§ **TASK BRIEF**:
Your task is to reproduce exactly the lines from the line with "front-ladies-organic-sweatshirt-672b34-1116x.png" through the end of the records below.

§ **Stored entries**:
-- -- --

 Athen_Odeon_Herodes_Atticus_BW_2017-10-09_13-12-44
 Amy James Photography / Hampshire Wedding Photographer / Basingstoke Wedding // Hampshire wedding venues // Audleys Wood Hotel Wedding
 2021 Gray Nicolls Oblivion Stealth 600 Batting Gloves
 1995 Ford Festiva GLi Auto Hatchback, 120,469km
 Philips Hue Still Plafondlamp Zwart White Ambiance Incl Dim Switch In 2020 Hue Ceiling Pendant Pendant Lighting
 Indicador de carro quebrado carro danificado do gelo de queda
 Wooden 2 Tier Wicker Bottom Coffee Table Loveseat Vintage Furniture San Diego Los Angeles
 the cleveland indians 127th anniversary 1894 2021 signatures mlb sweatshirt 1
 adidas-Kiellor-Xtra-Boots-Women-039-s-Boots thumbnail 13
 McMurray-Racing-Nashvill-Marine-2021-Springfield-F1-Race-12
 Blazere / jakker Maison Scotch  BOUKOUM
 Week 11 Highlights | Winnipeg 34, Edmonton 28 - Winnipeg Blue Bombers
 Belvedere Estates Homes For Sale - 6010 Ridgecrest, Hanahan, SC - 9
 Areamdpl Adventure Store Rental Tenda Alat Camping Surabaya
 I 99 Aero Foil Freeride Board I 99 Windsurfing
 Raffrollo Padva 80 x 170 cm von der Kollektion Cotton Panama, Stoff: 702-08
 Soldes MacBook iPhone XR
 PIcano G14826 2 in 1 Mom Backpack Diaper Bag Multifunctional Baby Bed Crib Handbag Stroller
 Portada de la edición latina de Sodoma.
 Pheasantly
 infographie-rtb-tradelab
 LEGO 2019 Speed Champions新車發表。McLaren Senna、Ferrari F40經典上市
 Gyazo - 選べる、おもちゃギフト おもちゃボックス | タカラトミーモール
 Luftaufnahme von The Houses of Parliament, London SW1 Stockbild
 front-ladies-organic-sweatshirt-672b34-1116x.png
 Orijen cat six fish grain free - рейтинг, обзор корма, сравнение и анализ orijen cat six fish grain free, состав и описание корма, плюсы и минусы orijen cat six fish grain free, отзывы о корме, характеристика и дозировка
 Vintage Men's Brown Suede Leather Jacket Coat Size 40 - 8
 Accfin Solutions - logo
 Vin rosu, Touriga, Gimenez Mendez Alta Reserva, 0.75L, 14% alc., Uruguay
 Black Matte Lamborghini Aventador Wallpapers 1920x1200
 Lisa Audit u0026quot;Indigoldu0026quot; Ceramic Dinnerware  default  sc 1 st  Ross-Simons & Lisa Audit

-- -- --

§ **PROBLEM SOLUTION**:
 front-ladies-organic-sweatshirt-672b34-1116x.png
 Orijen cat six fish grain free - рейтинг, обзор корма, сравнение и анализ orijen cat six fish grain free, состав и описание корма, плюсы и минусы orijen cat six fish grain free, отзывы о корме, характеристика и дозировка
 Vintage Men's Brown Suede Leather Jacket Coat Size 40 - 8
 Accfin Solutions - logo
 Vin rosu, Touriga, Gimenez Mendez Alta Reserva, 0.75L, 14% alc., Uruguay
 Black Matte Lamborghini Aventador Wallpapers 1920x1200
 Lisa Audit u0026quot;Indigoldu0026quot; Ceramic Dinnerware  default  sc 1 st  Ross-Simons & Lisa Audit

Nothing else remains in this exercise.